И я перестала задавать себе, уже успевший мне самой надоесть вопрос: как это посмели монахи той церкви, где Леонардо да Винчи написал свою Последнюю вечерю, отбить ноги у Христа? И только для того, чтобы им поудобнее было проходить в дверь: не нагибаться.... Но я хорошо помнила, что в зале, где хранится фреска Леонардо, царствовала тишина. Что группа наша состояла всего из 25 человек. Что наша экскурсовод заговорила там благоговейно-тихо. И что Сикстинская капелла – это святая святых католиков. Значит, уж где-где, но там-то, наверняка, господствовал порядок и достоинство. И упоительно-величественная Тишина...
И всё-таки, несмотря на весь этот окружающий меня хаос, я смогла увидеть и даже прочувствовать мою первую встречу с Микеланджело. А точнее, с тем, что он так самозабвенно любил, чем восхищался всю жизнь и чем был пленён и очарован всей душой. И куда, будучи уже почти слепым – следствие его работы над Страшным судом, -- часто просил себя отвести, чтобы восторженно и покорённо ласкать его своими руками ...
Это был кусок античной греческой скульптуры «Торс», прозванной, в последствии, «Торс Микеланджело». Что именно я почувствовала во время моей первой встречи с душой гения? Если коротко, -- то, что позже мне открылось в Сикстине. Но и не только – этот «Торс» стал и безоговорочным доказательством безошибочности того, что я познала в капелле...
Итак, проведя нас по всем, предусмотренным программой залам Ватикана, наша гид довела нас до туалетов, от которых начинался последний подъём по лестнице, ведущей прямо в Сикстину. Мягко отобрала у нас радиоприёмники, поблагодарила за внимание и... откланялась.
Сначала я очумела... Потом всё вспомнила и поняла. Но я всё ещё надеялась... И... о, радость! Последние шаги до великого таинства! Мы зашли в Сикстину. Без малейшей, хоть чуточку означенной очереди.

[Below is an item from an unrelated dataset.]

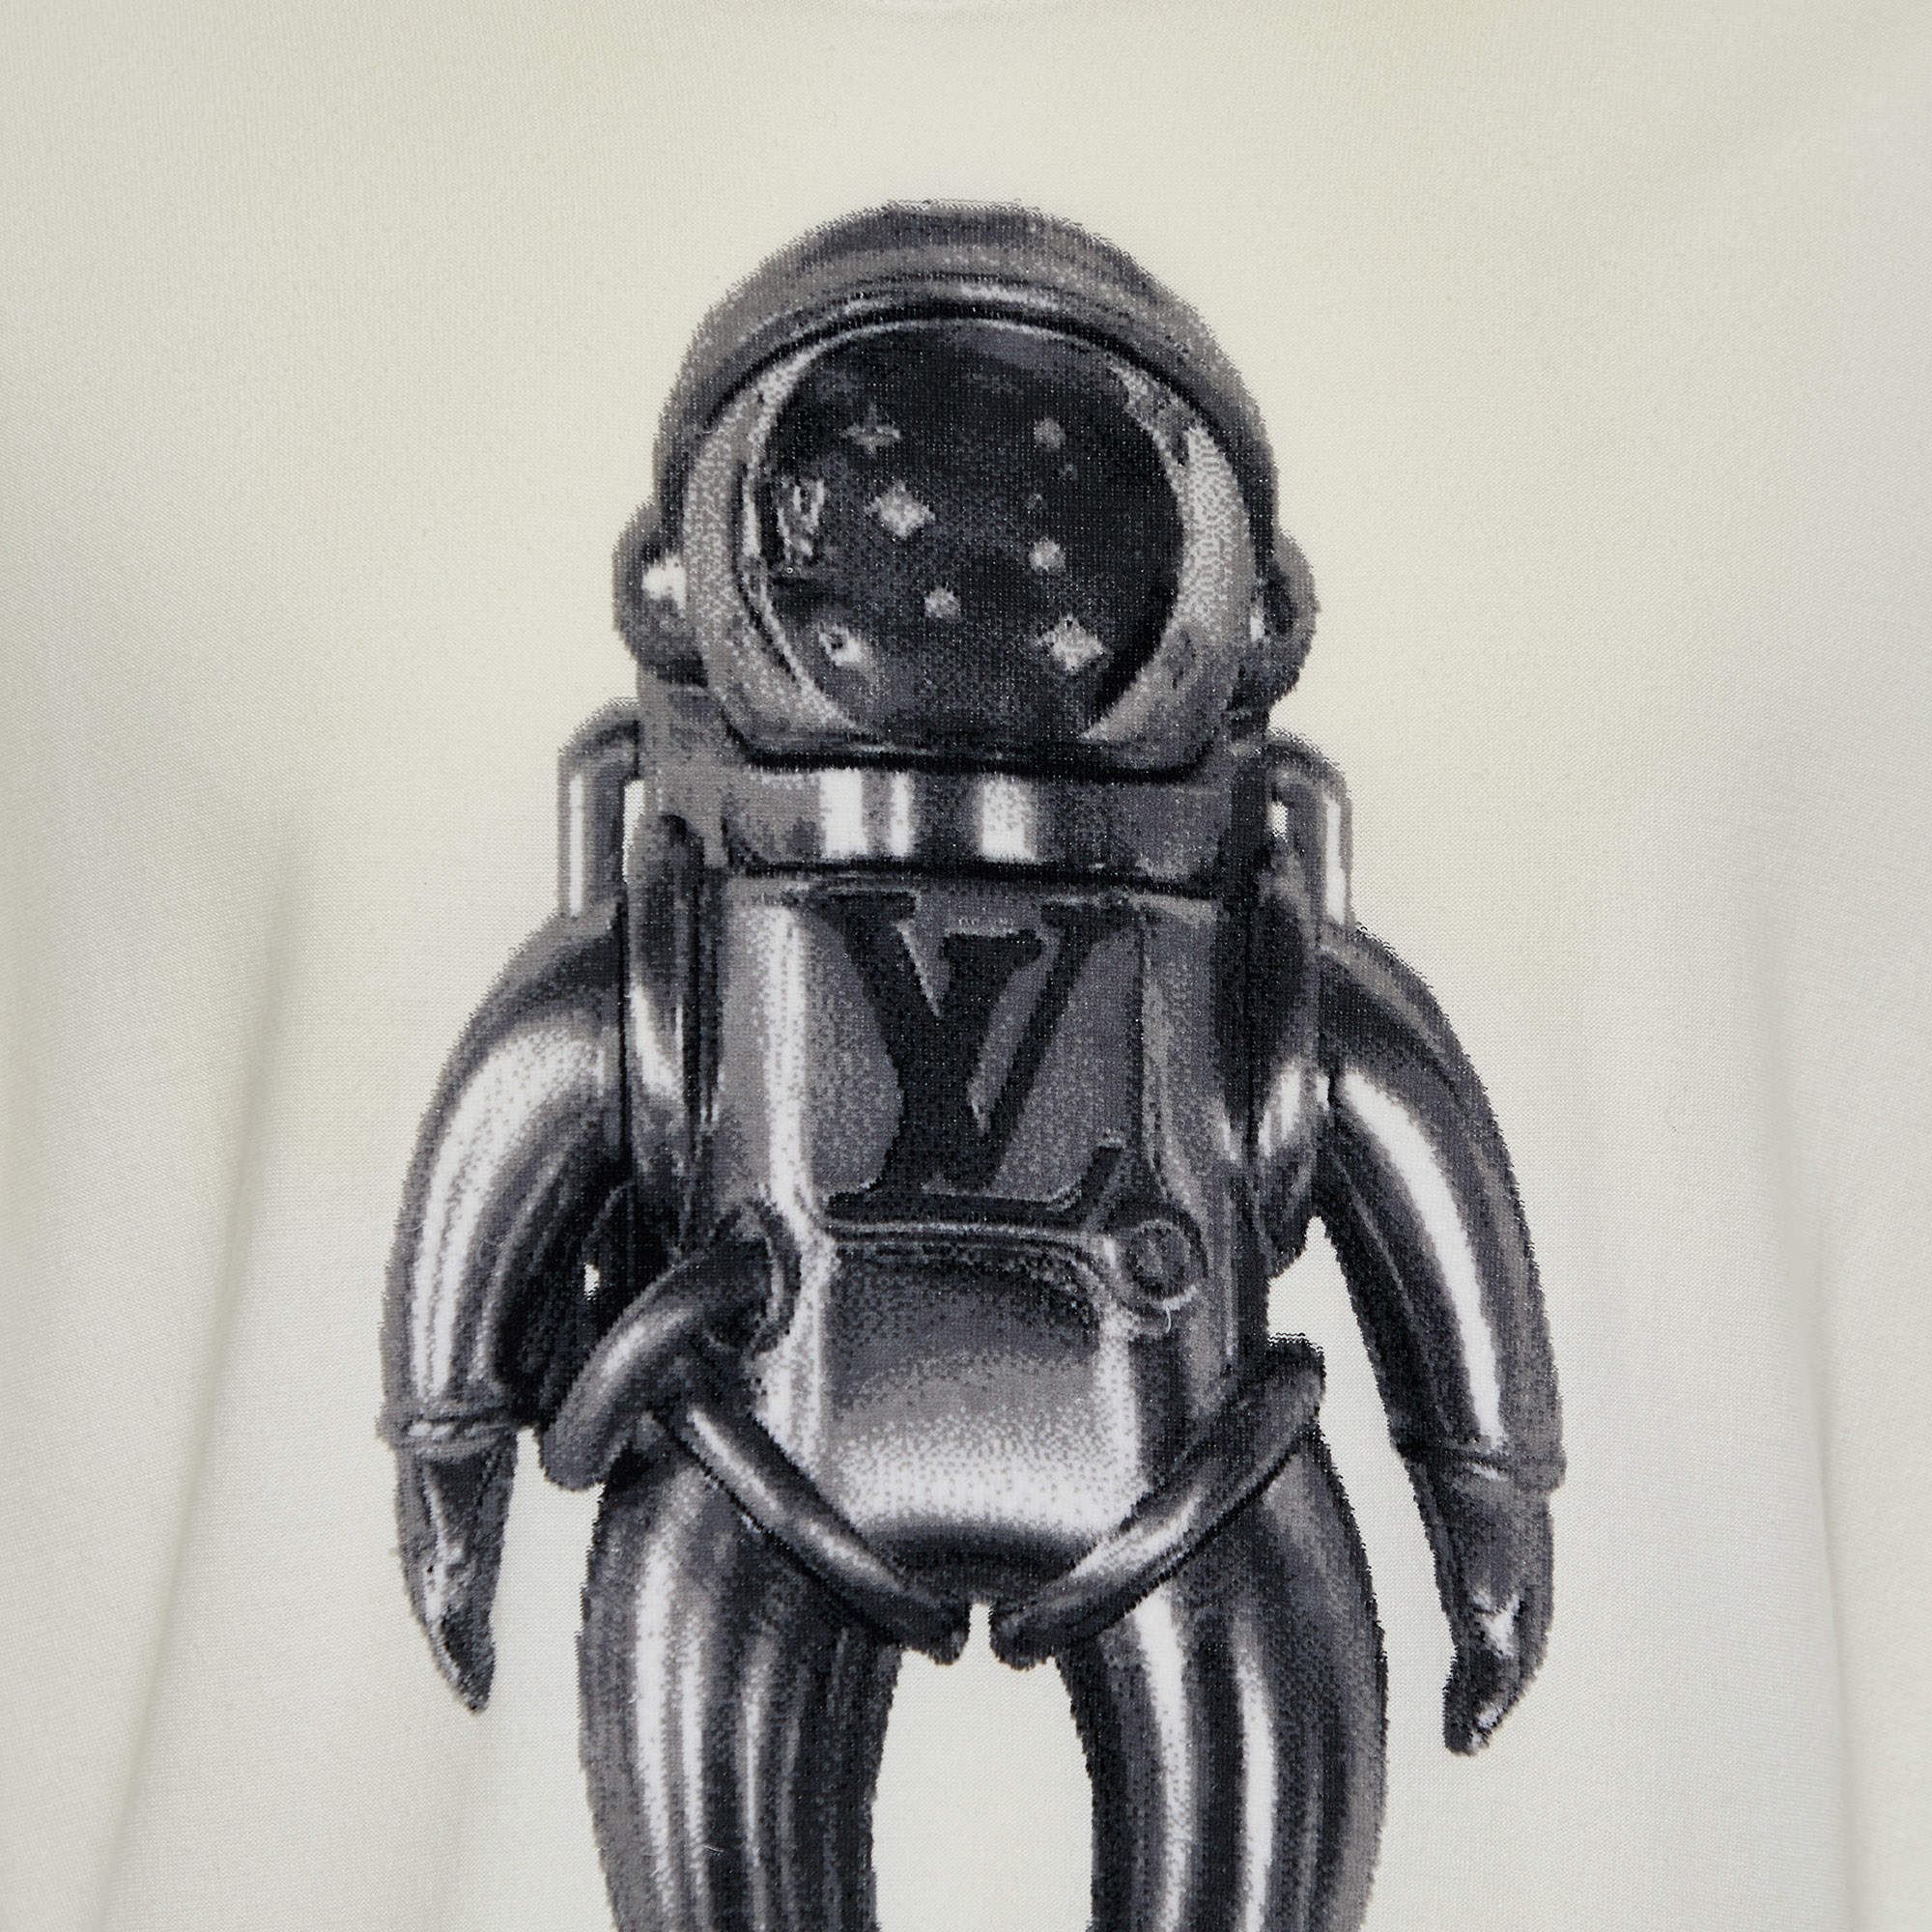 Cotton Jacquard Velour Spaceman Motif T-Shirt

И оглохли, и оторопели. И чуть не пошатнулись от жестокой волны биополя мёртвых, которая обрушилась на нас, как оголодавшая свора выродков... И от вибрирующего негодованием и издержками терпения голоса стражников порядка, обращённого к сплошному телу толпы: -----------No foto! Молчать! Не сидеть! Не стоять в проходе! Проходить! No foto! Молчать! Проходить! Не сидеть! Не стоять в проходе!... И всё, что во мне оставалось ещё могучим, всё, что смогло выдюжить четырёхчасовую пытку битвы с биогадом толпы, всё, что ещё сохранило за собой, данное ему Вселенной право оставаться Светом, я смогла задействовать на то, чтобы остаться наедине с гением Микеланджело и впитать, впитать в настежь распахнутую душу, его Свет...

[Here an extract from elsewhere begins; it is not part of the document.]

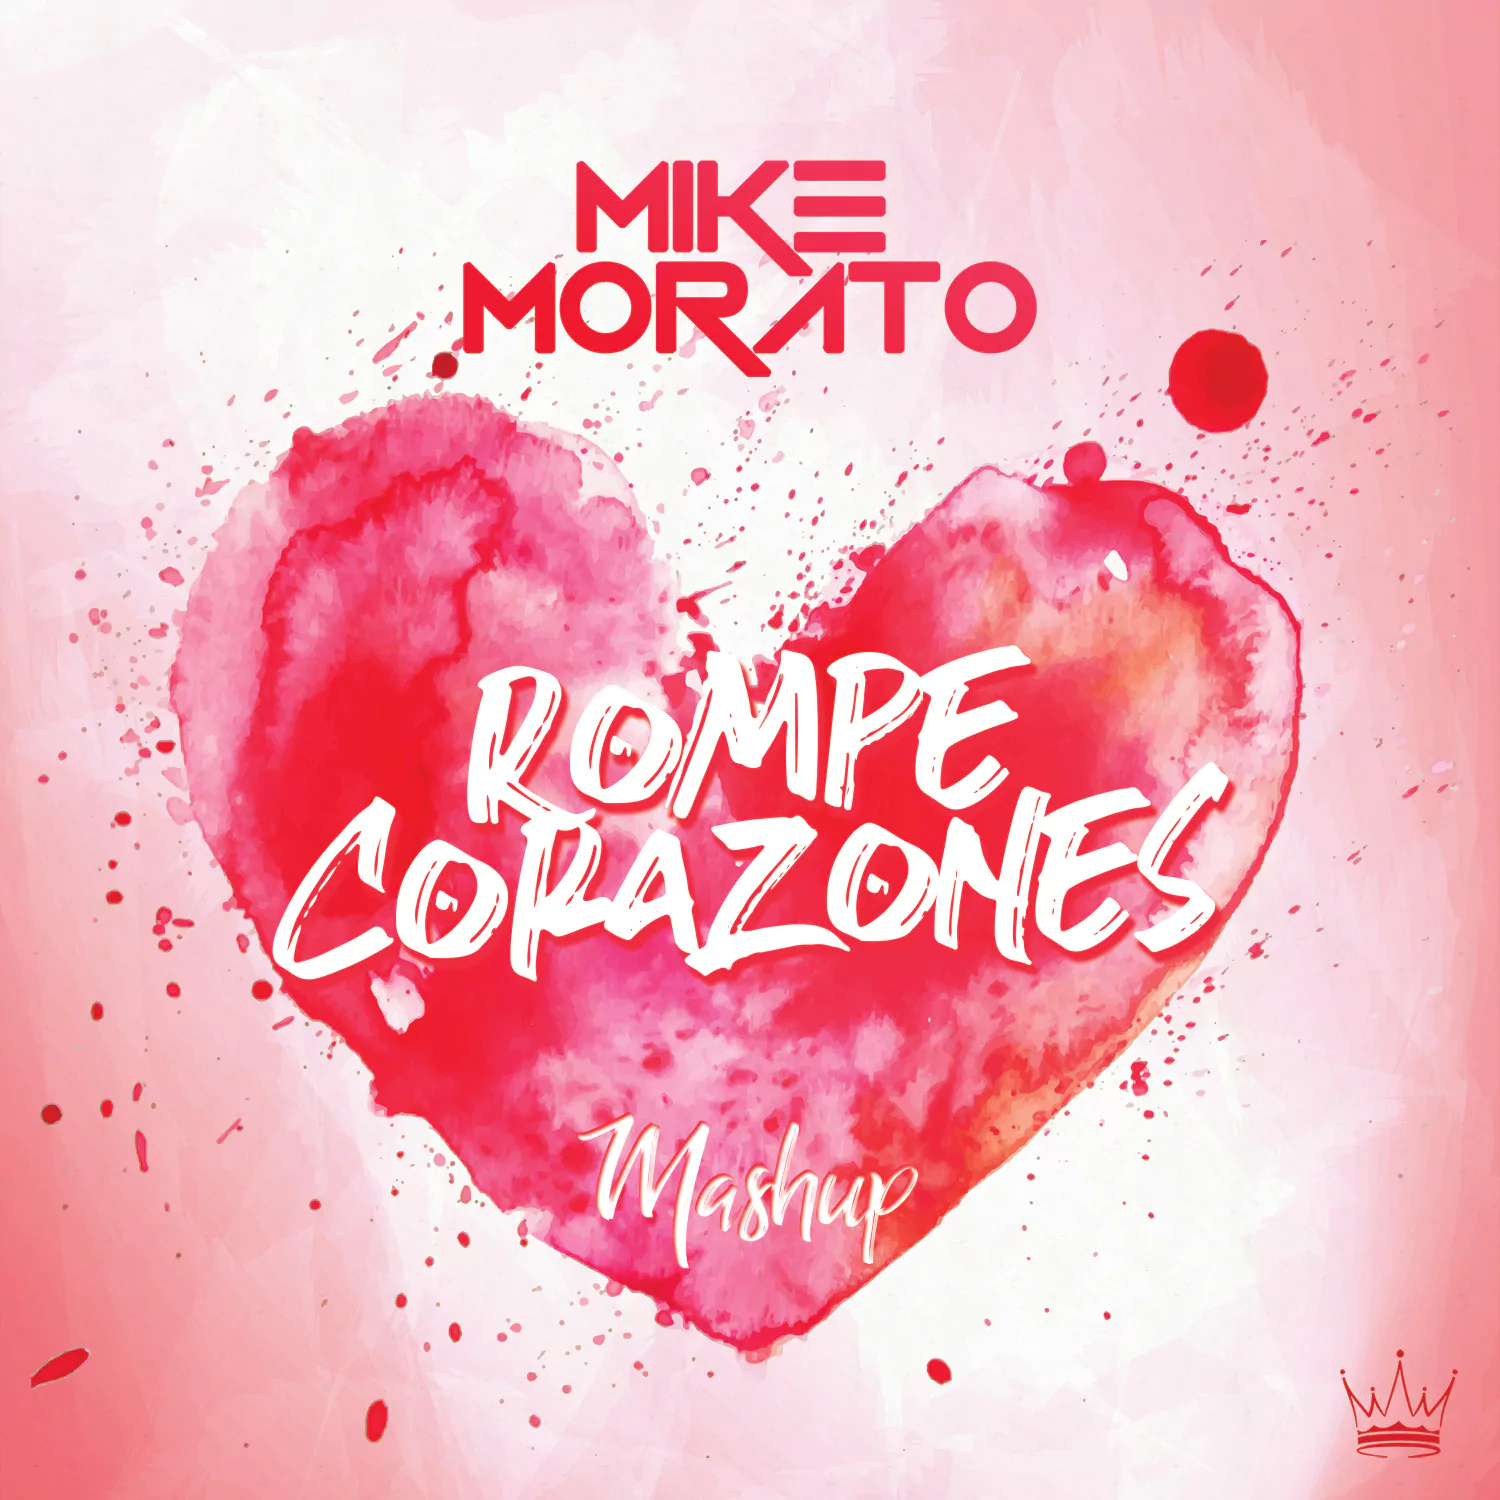 Mike Morato - Rompecorazones (Mashup)

Да! Семижильной должна быть твоя душа, чтобы суметь противостоять Толпе. Только души равные Ей, Толпе, не изнемогают и не умаиваются вусмерть от борьбы с Ней. Ибо заражены Её болезнью. А передаётся Её болезнь Смерти легко. Куда легче и быстрее, нежели любая другая. И нет от неё никаких пространственных, материальных или временных защит. Даже наукой уже доказано, что больная клетка заражает здоровую и через толстое кварцевое стекло... Волной...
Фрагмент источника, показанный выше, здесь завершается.